According to Olayinka, “The most significant factor is the increasing level of threat in the environment of business in Nigeria, arising from: insecurity, supply chain problems, rising inflation, and poor purchasing power, low level of productivity, rising unemployment, liquidity overhang and paucity of risk-free financial instruments.”

He added that, “As a result, most banks prefer to be debited by CBN for running short of LDR limit, as against extending credit to businesses that are finding it difficult to survive. It is all about managing risk.

“When CBN mop-up liquidity, DMBs will first resort to the intervention before they build capacity again. With the increasing inflation rate, the CRR debit is a means to reduce banks ability to extend access cash into the system and control the volume of money in circulation.”

Also, the Vice President, Highcap securities Limited, Mr.

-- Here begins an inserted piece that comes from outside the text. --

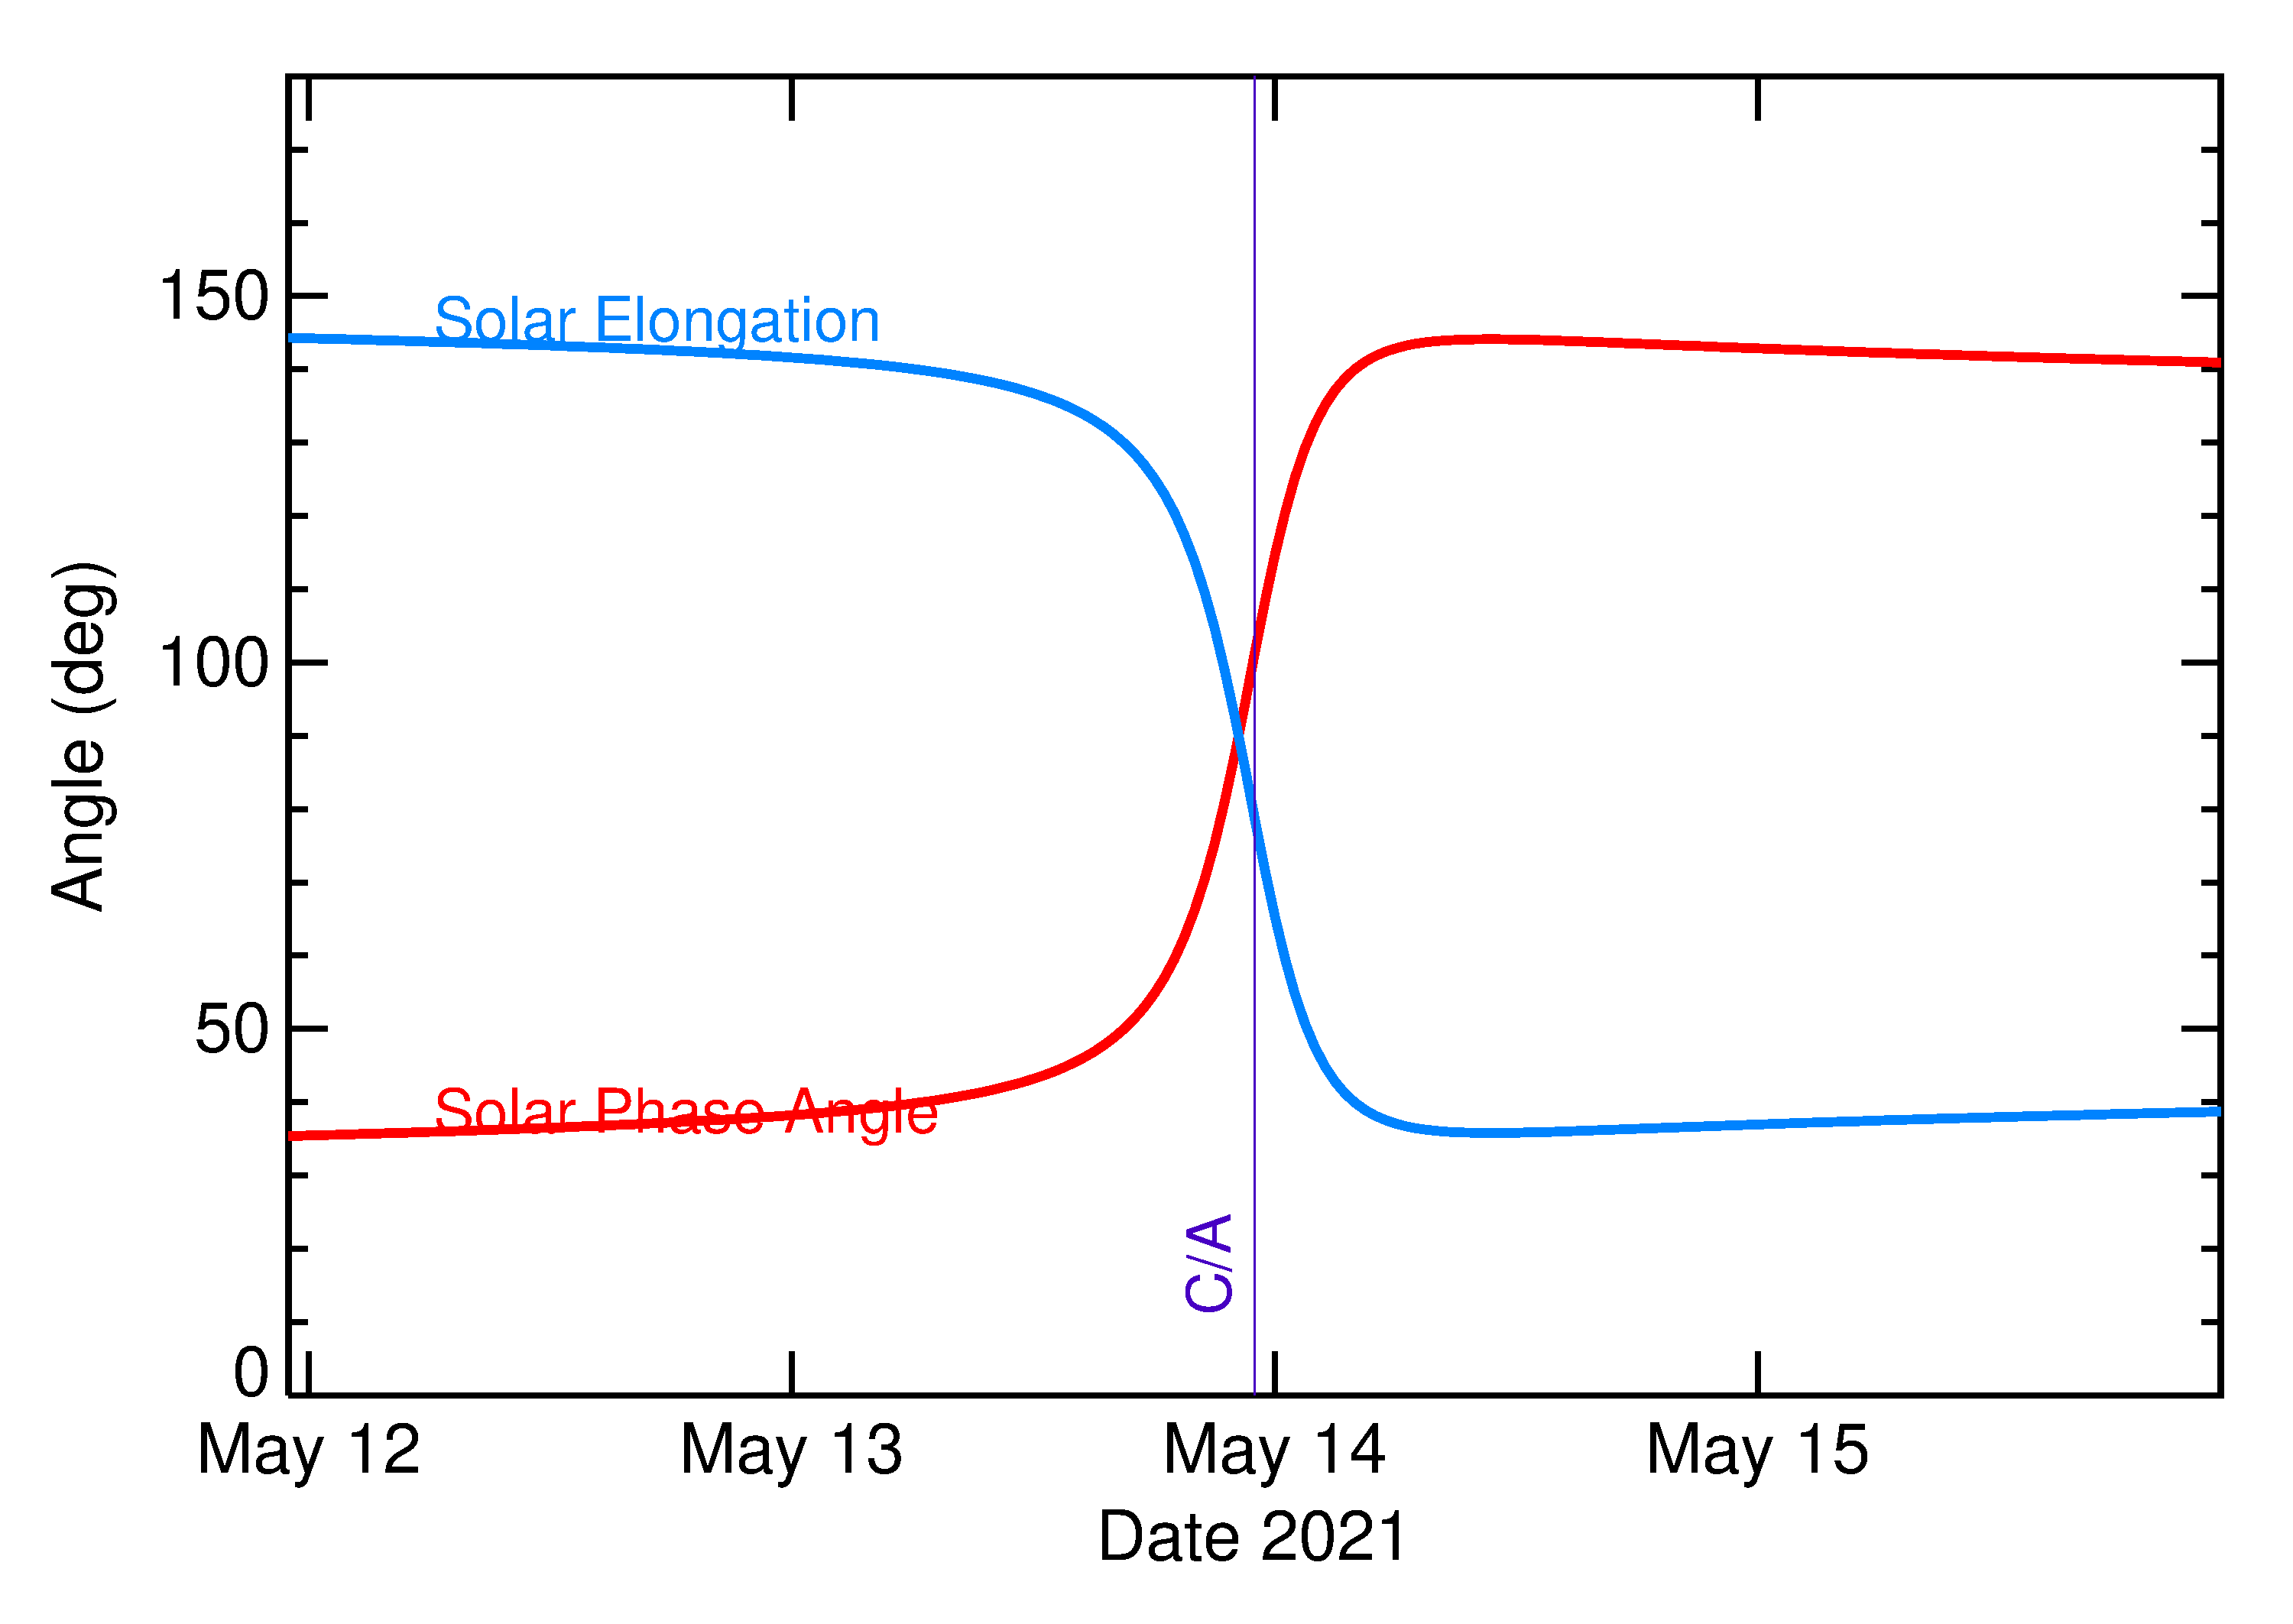 Solar Elongation and Solar Phase Angle of 2021 JB6 in the days around closest approach
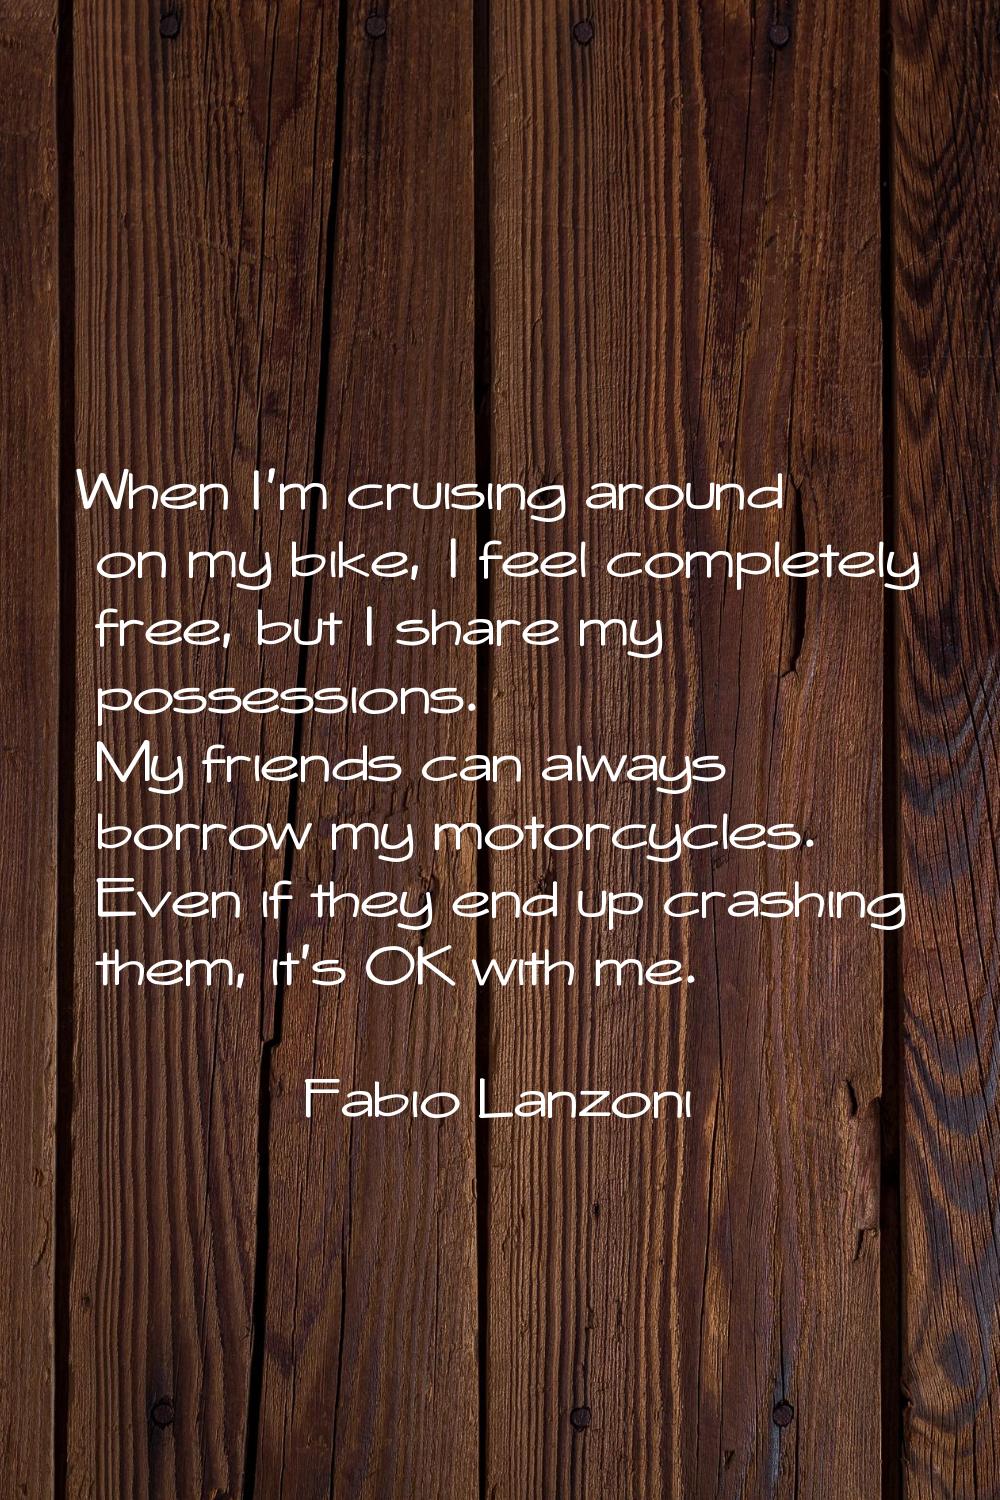 When I'm cruising around on my bike, I feel completely free, but I share my possessions. My friends

David Adnori explained that banks and merchant banks are sceptical about the new government economy directions, stressing that lending to key sectors call for caution.

The CBN had in July 2019 directed that banks’ daily deposits placement through its SDF should not exceed N2 billion, stressing that any daily deposits above the stipulated amount will not attract interest payments.

The CBN had noted in its 2019 guidelines that the N2billion deposit represents 73 per cent reduction from the previous limit of N7.5 billion introduced way back in 2014.

In November 2014, the CBN said it observed that banks and discount houses preferred to keeping their idle balances in the SDF with the CBN.

Unfortunately, this preference contributed to the restraining of the financial intermediation process, the reason the CBN opted to review the guidelines for the operation of the standing deposit facility.

The review recommended that daily placements by discount houses and banks at the SDF should not exceed N7.5 billion.

Data from the CBN official website revealed that banks and merchant banks borrowing dropped by 88 per cent to N235.06 billion in June 2023 from N1.93 trillion in June 2023.

The CBN lends money to banks and merchant banks through the SLF at interest rate of 100 basis points above the MPR.

Standing facilities (lending and deposit) are instruments of liquidity management, according to the CBN. They serve as avenues to invest surplus funds overnight and to square up whenever the system is short at the end of each business day.